Grades & classifications
Now that you know what kinds of oils are available, you also need to know which grade and service classification suits the engine in your car. These are nothing but a description of the oil’s fluid properties and performance capabilities.
Before we go ahead, we have to understand what viscosity is. In simple terms, it’s the thickness of a fluid. For example, water is less viscous than Fevicol. And the grade of the oil refers to its viscosity at normal operating temperatures.
For oils, a rating by an organisation called the Society of Automotive Engineers (SAE) is used, and is represented by numbers like 0, 5, 10, 15, going on to 60. The higher the number, the greater the viscosity. Now, here too, temperature has a part to play. The majority of an engine’s wear and tear happens when you start the car, because the engine is at its coldest. However, once the engine is warmed up and spinning faster, you need oil with different properties. Previously, you could only get ‘single-grade’ oils, with a constant viscosity across all operating temperatures. These days, however, most oils are of the ‘multi-grade’ variety.
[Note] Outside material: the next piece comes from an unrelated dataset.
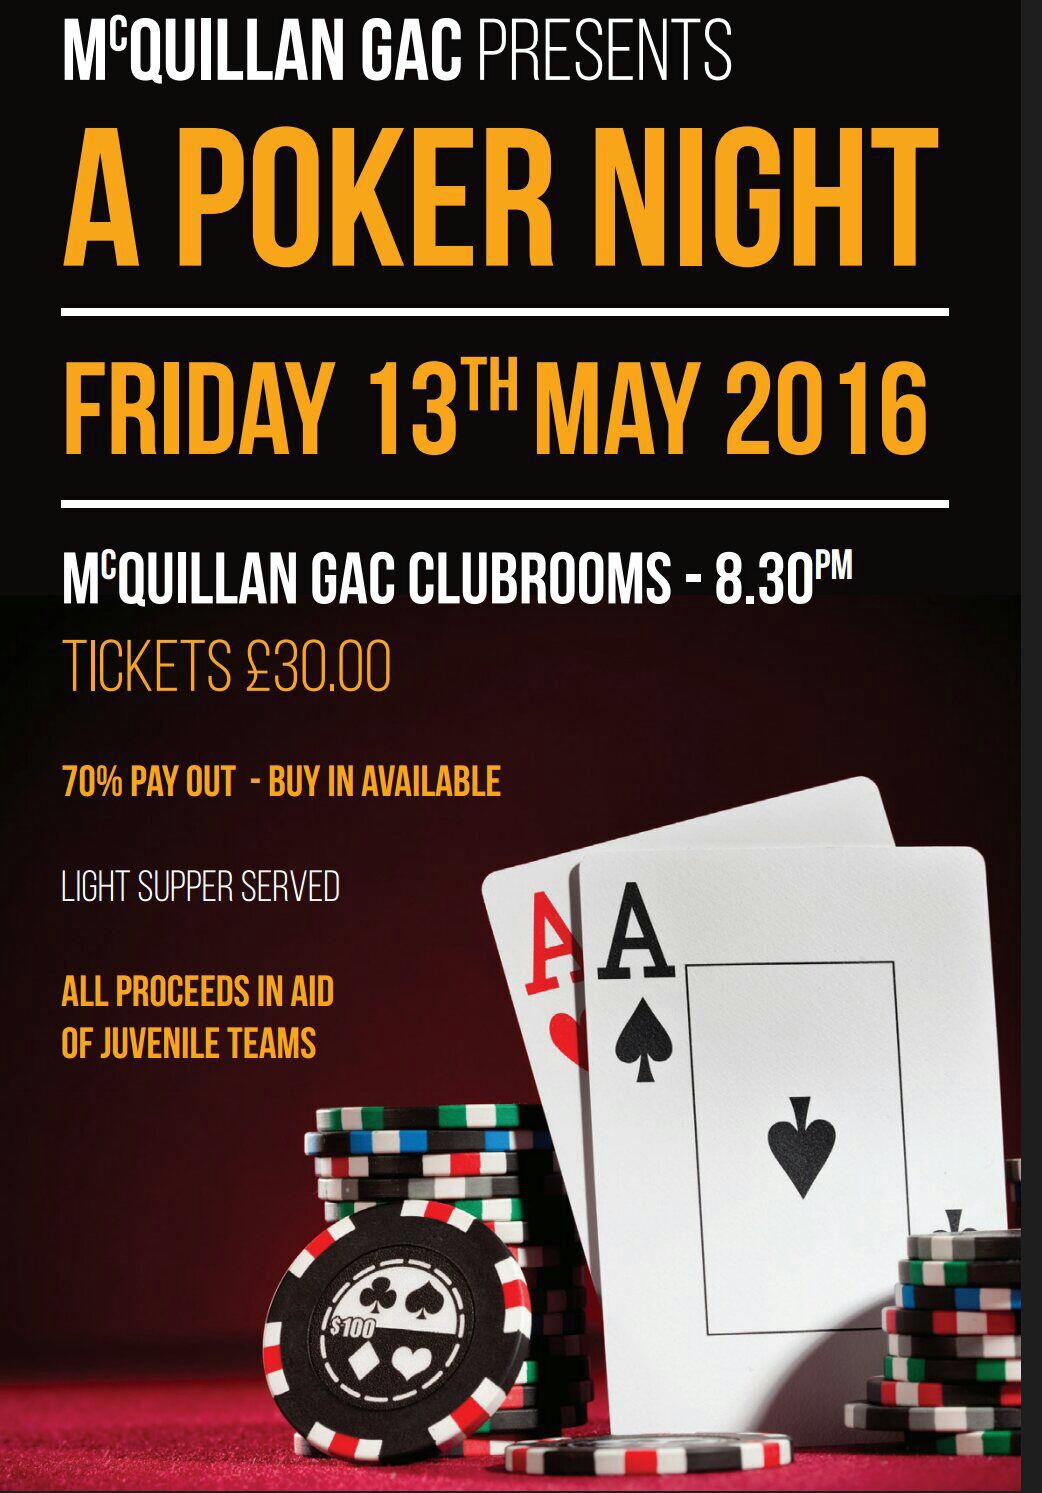 McQuillan GAC Poker Night in aid of Juvenile teams – Friday 13 May 2016

These exhibit varying viscosity at varying temperatures and have a two-number rating, such as ‘10W40’.
The ‘W’ in the rating stands for Winter, and this refers to its cold-running viscosity rating. In this example, the oil will have a viscosity of a 10-grade oil at lower temperatures and a 40-grade oil at higher temperatures. But bear in mind that a 10W40 oil and a 20W40 oil will both have the same viscosity at the engine’s optimal operating temperature.
Oil manufacturers will also give a service rating for the oil. These ratings certify that the oil meets certain performance and quality criteria and has been tested for standards like high-temperature deposit protection and sludge control. These ratings are either issued by the American Petroleum Institute (API) or Association des Constructeurs Européensd’ Automobiles (ACEA).
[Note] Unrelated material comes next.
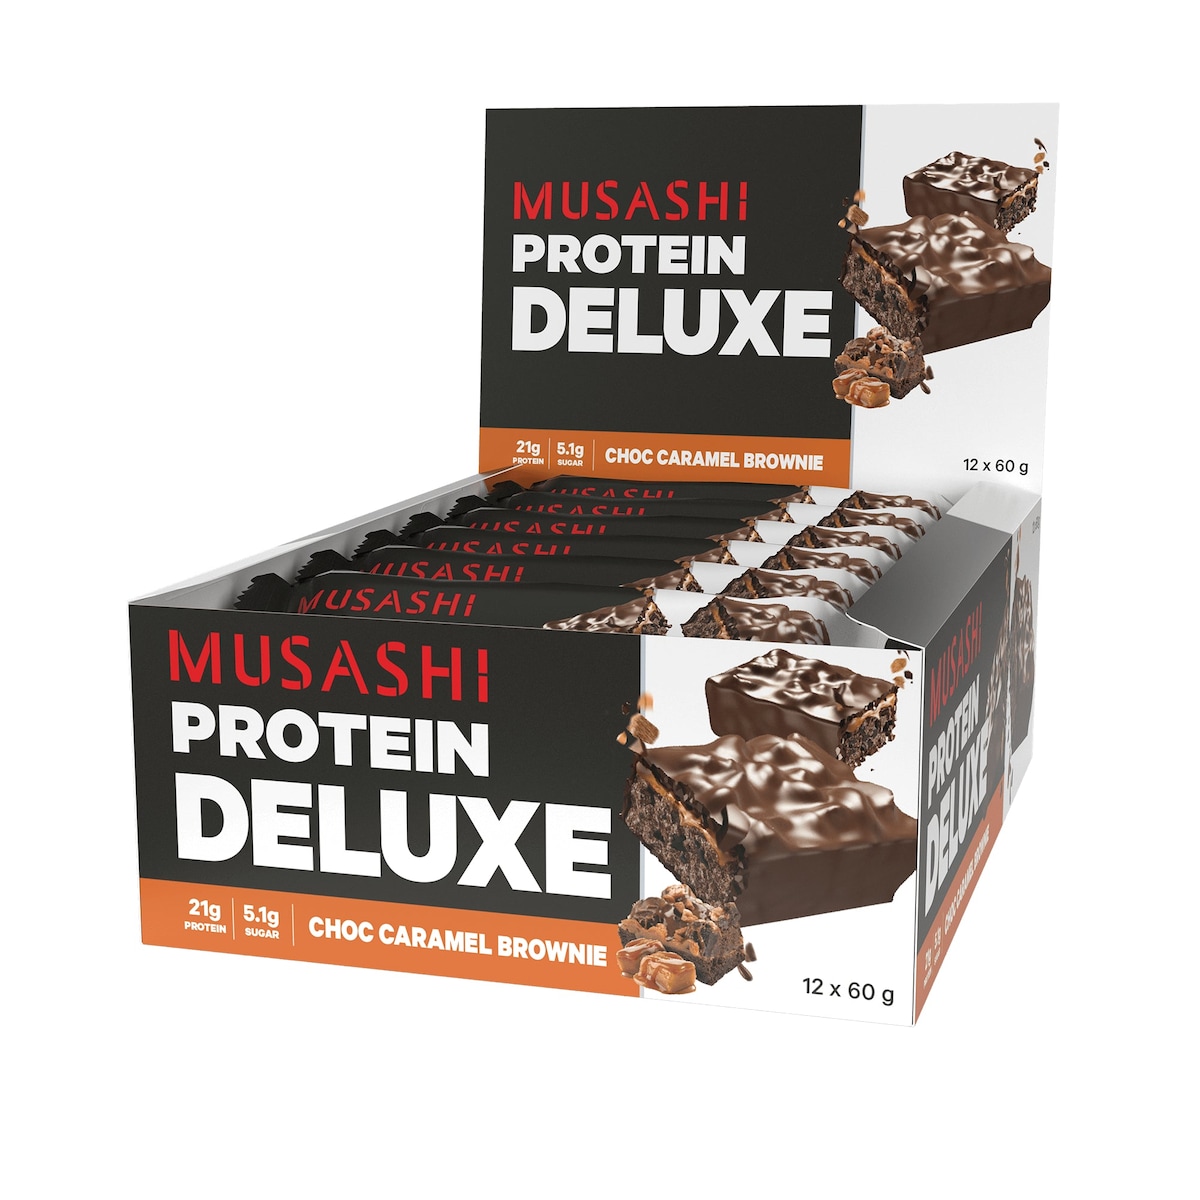 Musashi Deluxe Protein Bar Choc Caramel Brownie 12 x 60g Australia

The API standards for petrol engine oils have an ‘S-’ rating, while the diesel engine oils have a ‘C-’ rating. The current highest ratings are SN and CF. The ACEA standards are ‘A-’ and ‘B-’ for petrol and diesel engine oils respectively, with the current highest ratings of A5 and B5. The ACEA also has a ‘C-’ rating for cars with Diesel Particulate Filters (DPF) and Three Way Catalysts, and the current highest rating is C4.
To know what grade and service rating of oil your car’s manufacturer has recommended, have a look at the car owner’s manual.
What’s in the can
The engine oil you buy is not as simple as promoted by manufacturers. A lot of research and development goes into it and the final product is a concoction of a lot of ingredients, especially mineral oils. Some of the important ones are:
* Base oil: The major part of any engine oil; this is what gives the engine oil its main characteristics. These base oils can be of two types; refined natural oil (mineral oil) or highly refined (synthetic oil). A mix of these two is also available (semi-synthetic or blended oil).
* Detergent: Yes, you read it right, there are detergents in the oil, but not the kind you wash clothes with. These are organic materials and can be either acidic or neutral in nature. These help clean the engine and prevent carbon deposits from taking a hold.
* Corrosion inhibitors: These protect the engine from getting corroded by oxygen, water and acids. The inhibitors stick to the engine and prevent the above mentioned from acting on the exposed metal surface.
* Viscosity index improvers: The physical properties of the oil change because of the change in temperature from a cold start to the optimum working temperature which can be around 100 degrees.
* Anti-oxidants: These constituents of the oil are meant to react with oxygen and prevent corrosion.
* Conditioners and friction reducers: These are wax-like in nature and stick to the engine to improve the lubricating effect of the oil.